Knowing this, I was curious about what would happen if I declare my entry point signature in the usual way whilst still using the System.CommandLine.DragonFruit package. It turns out that the AutoGeneratedProgram class is still generated and it has the expected Main entry point. So clearly the compiler is being told which one of our entry points to choose from.

When the /main switch is provided to the C# compiler it tells it which method is the entry point, this information is made available to the runtime via a special IL instruction emitted with the rest of the IL for the method (here is an example from ILDasm):

The .entrypoint instruction emitted by the C# compiler.

You can see in the screenshot above that the System.CommandLine.DragonFruit package tells the compiler to use the AutoGeneratedProgram as the entry point for the assembly.

Curious about how this magic worked I went back to the System.CommandLine repository and did a search for AutoGeneratedProgram and sure enough a targets file that forms part of the System.CommandLine.DragonFruit package turns up.

You can see in this file that it sets the StartupObject property and then creates a temporary file containing a hard-coded entry point (which is referenced by the property).

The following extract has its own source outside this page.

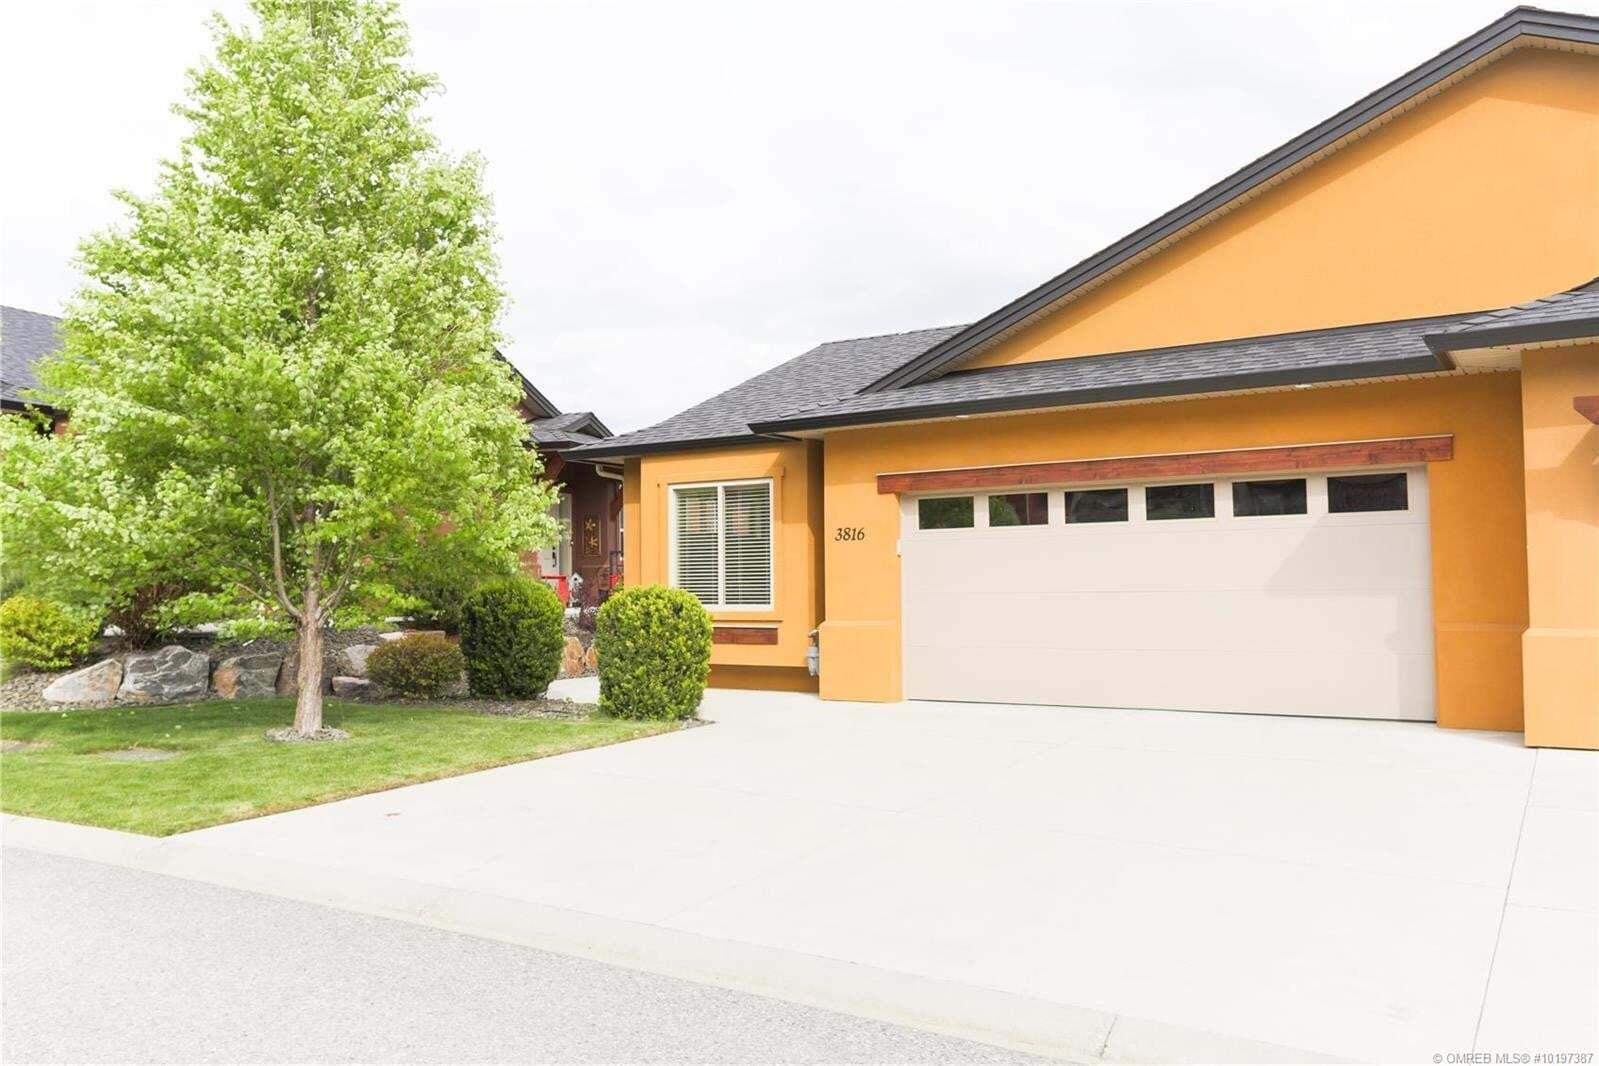 Townhouse for sale at 3816 Siringo Ln West Kelowna British Columbia - MLS: 10197387

The targets in this file are executed just before compilation and the temporary file is included in the set of files that are built by the compiler.

So using the System.CommandLine.DragonFruit package doesn't change the way the compiler works, it "just" uses some MSBuild hacks and compiler switches to insert itself into the execution flow of the program. From the targets file the code that is inserted looks like this (CDATA sections & MSBuild variables removed for clarity):

// <auto-generated>This file was created automatically</auto-generated>
using System.Runtime.CompilerServices;
using System.Threading.Tasks;
[CompilerGenerated]
internal class AutoGeneratedProgram
{
  public static async Task<int> Main(string[] args)
  {
    return await System.CommandLine.DragonFruit.CommandLine.ExecuteAssemblyAsync(
      entryAssembly: typeof(global::AutoGeneratedProgram).Assembly,
      args: args,
      entryPointFullTypeName: "AutoGeneratedProgram"
      );
  }
}

This is the real entry point for the program. As a side note I listed the valid method signatures for entry points since the dawn of time in .NET terms above; starting with .NET Core 2.0 the following additional signatures are also valid.

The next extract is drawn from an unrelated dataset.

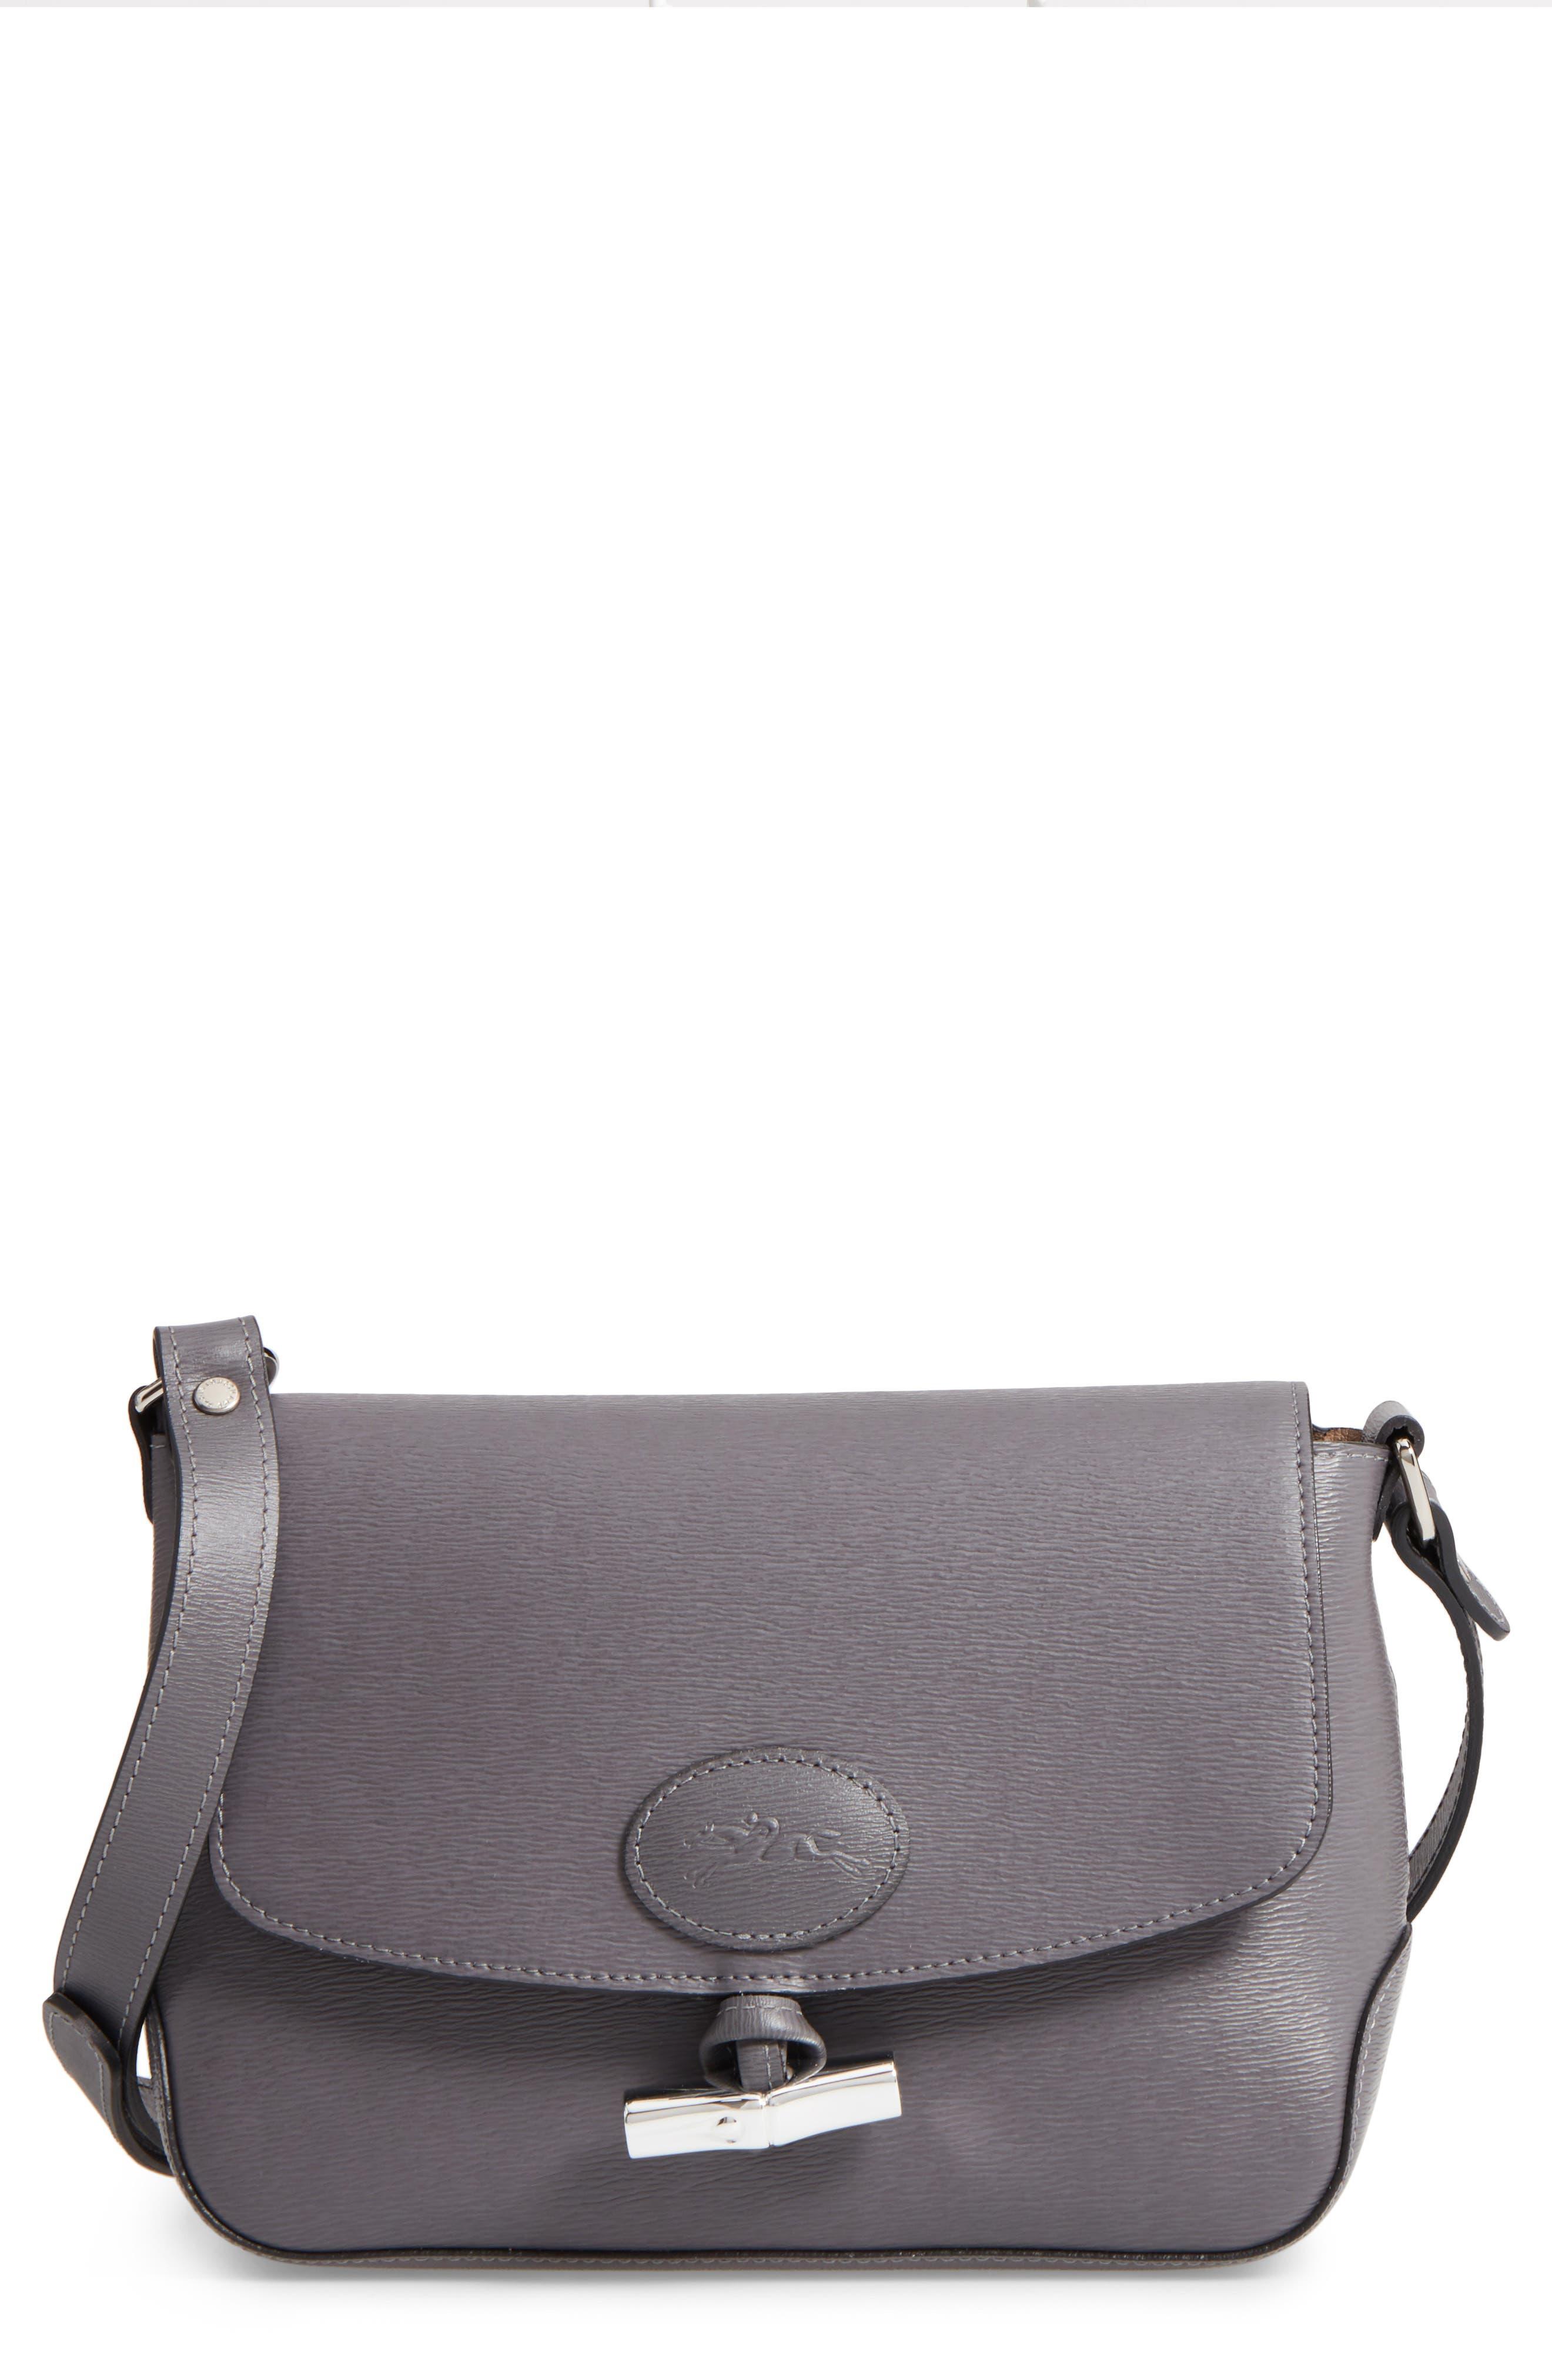 LONGCHAMP Roseau Leather Crossbody Bag

public static async Task Main();
public static async Task<int> Main();
public static async Task Main(string[] args);
public static async Task<int> Main(string[] args);

The entry point in AutoGeneratedProgram matches the final option on that list, and you can see it just hands off to the CommandLine.ExecuteAssemblyAsync(...) method to get its job done. This is the method that coordinates parsing the inputs from the args parameter passed to the real entry point, generating help output and finding the real entry point (that I wrote) and invoking it.

Method signatures for the Main entry point can take more than primitive types, so let's say I knew my inputs needed to be directory paths, I could do the following:

public static Task<int> Main(DirectoryInfo[] paths, FileInfo output);

The approach here is reminiscent of the way that ASP.NET translates web-requests to methods on a controller and I wasn't surprised to see some familiar class names in related libraries.

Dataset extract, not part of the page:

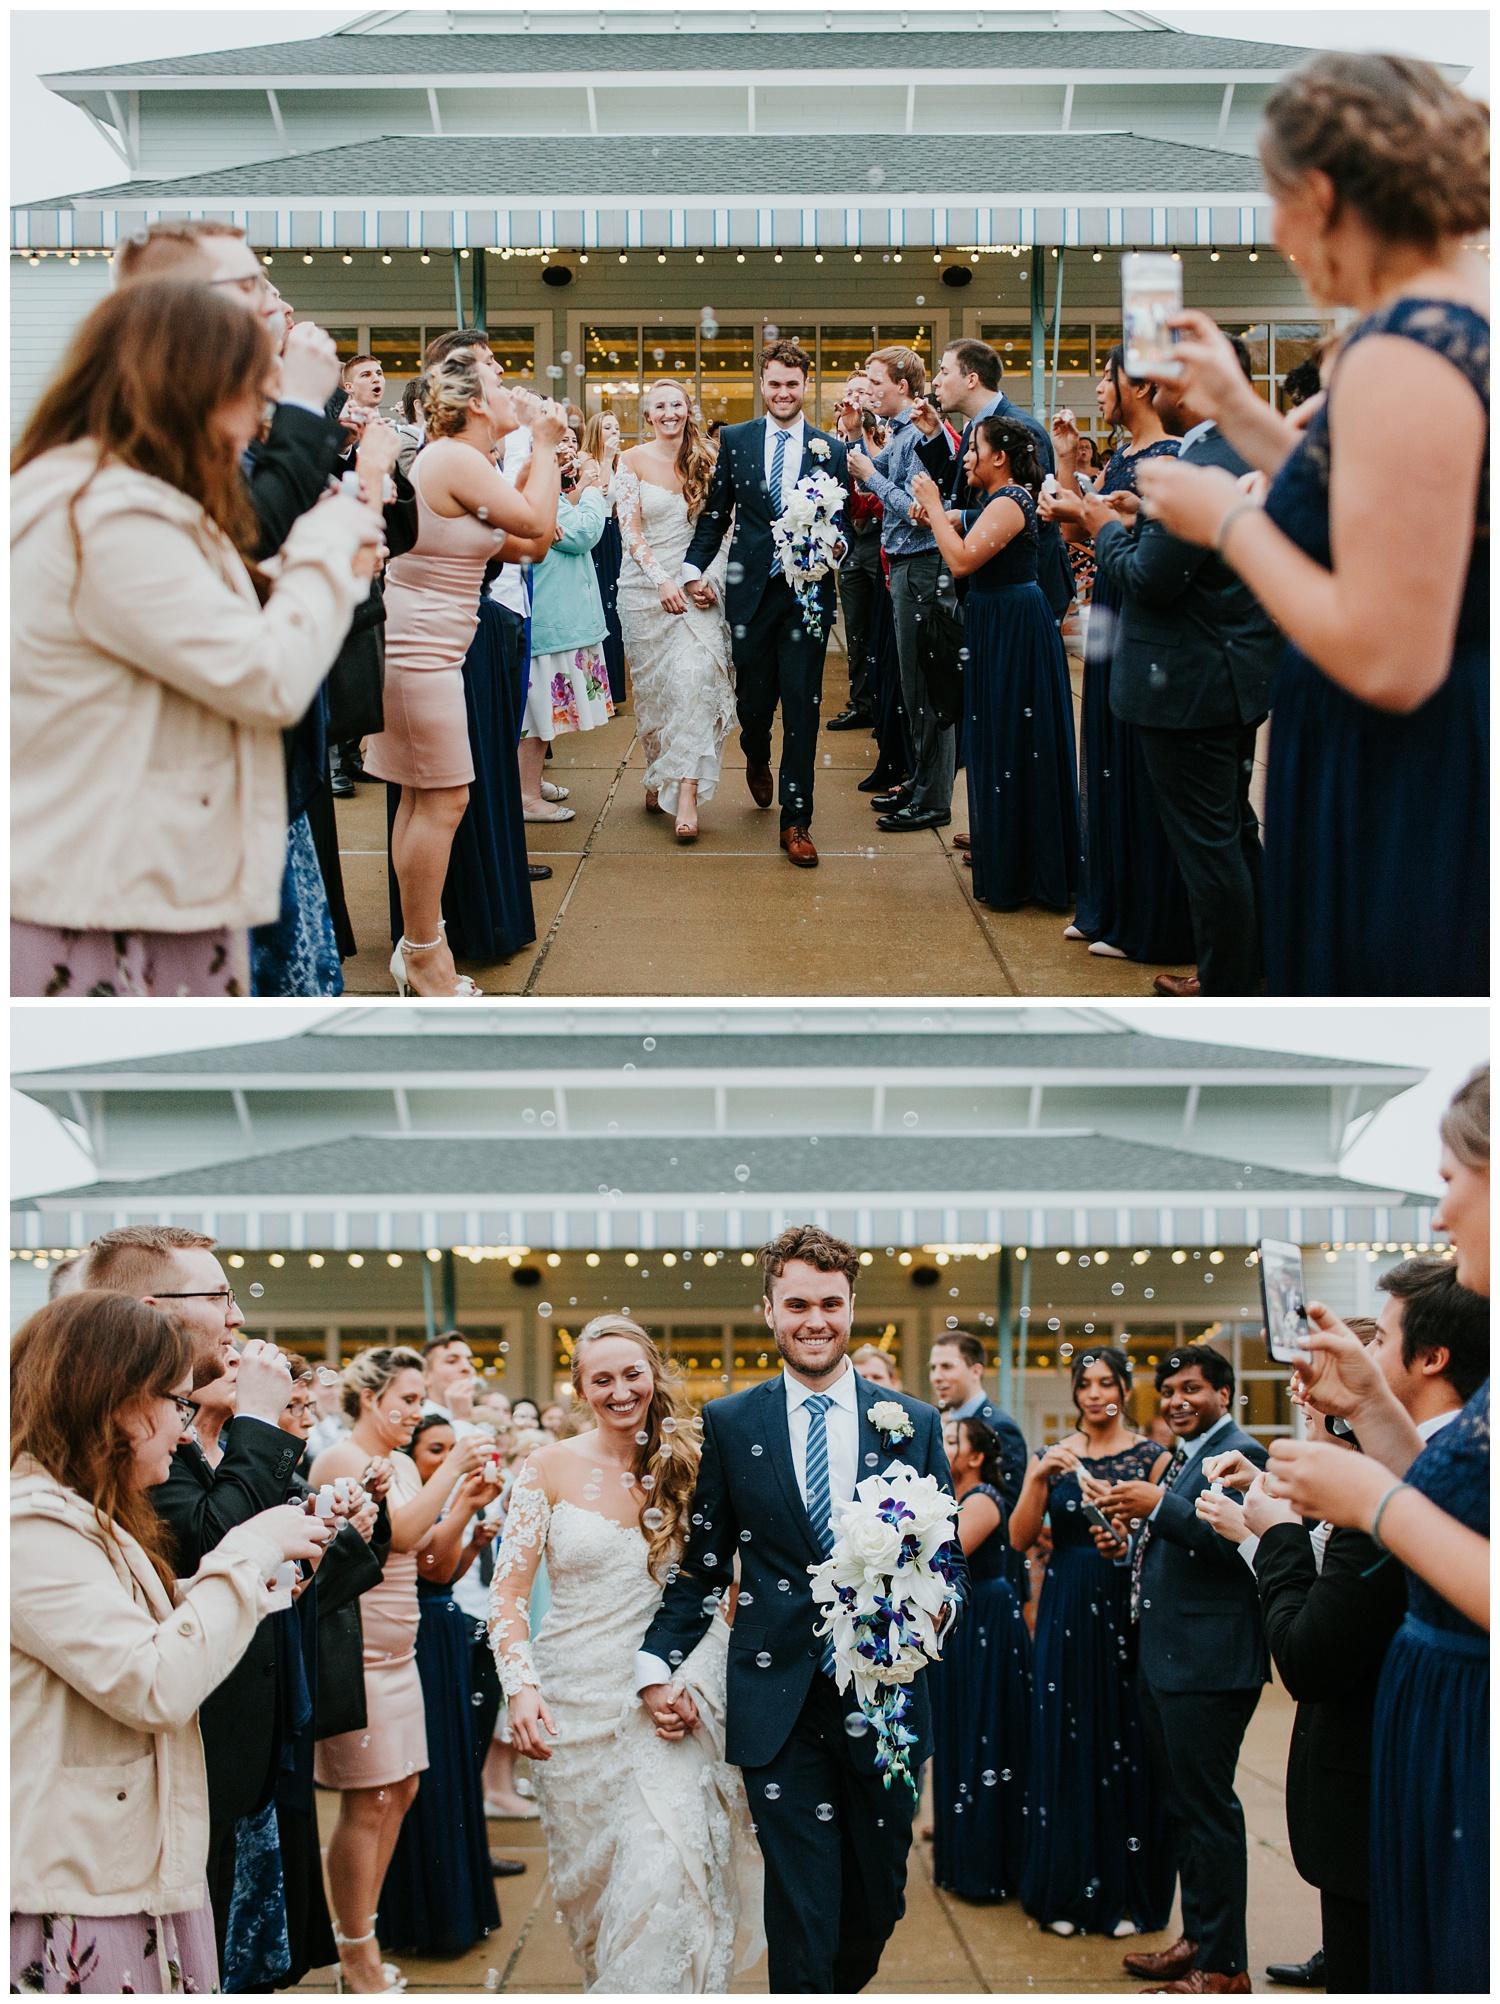 Shadowland Silver Beach St. Joseph Wedding Photographer Rainy Wedding58.jpg

The System.CommandLine set of packages are all very early preview at the moment and they might just be experimentation that goes anywhere, but the way it takes care of translating command-line inputs makes it trivially easy to build command-line applications. I'd recommend take a look through the code because it looks like there is lots of interesting stuff there including a rendering API and also some kind of support for sub-commands and custom argument parsing.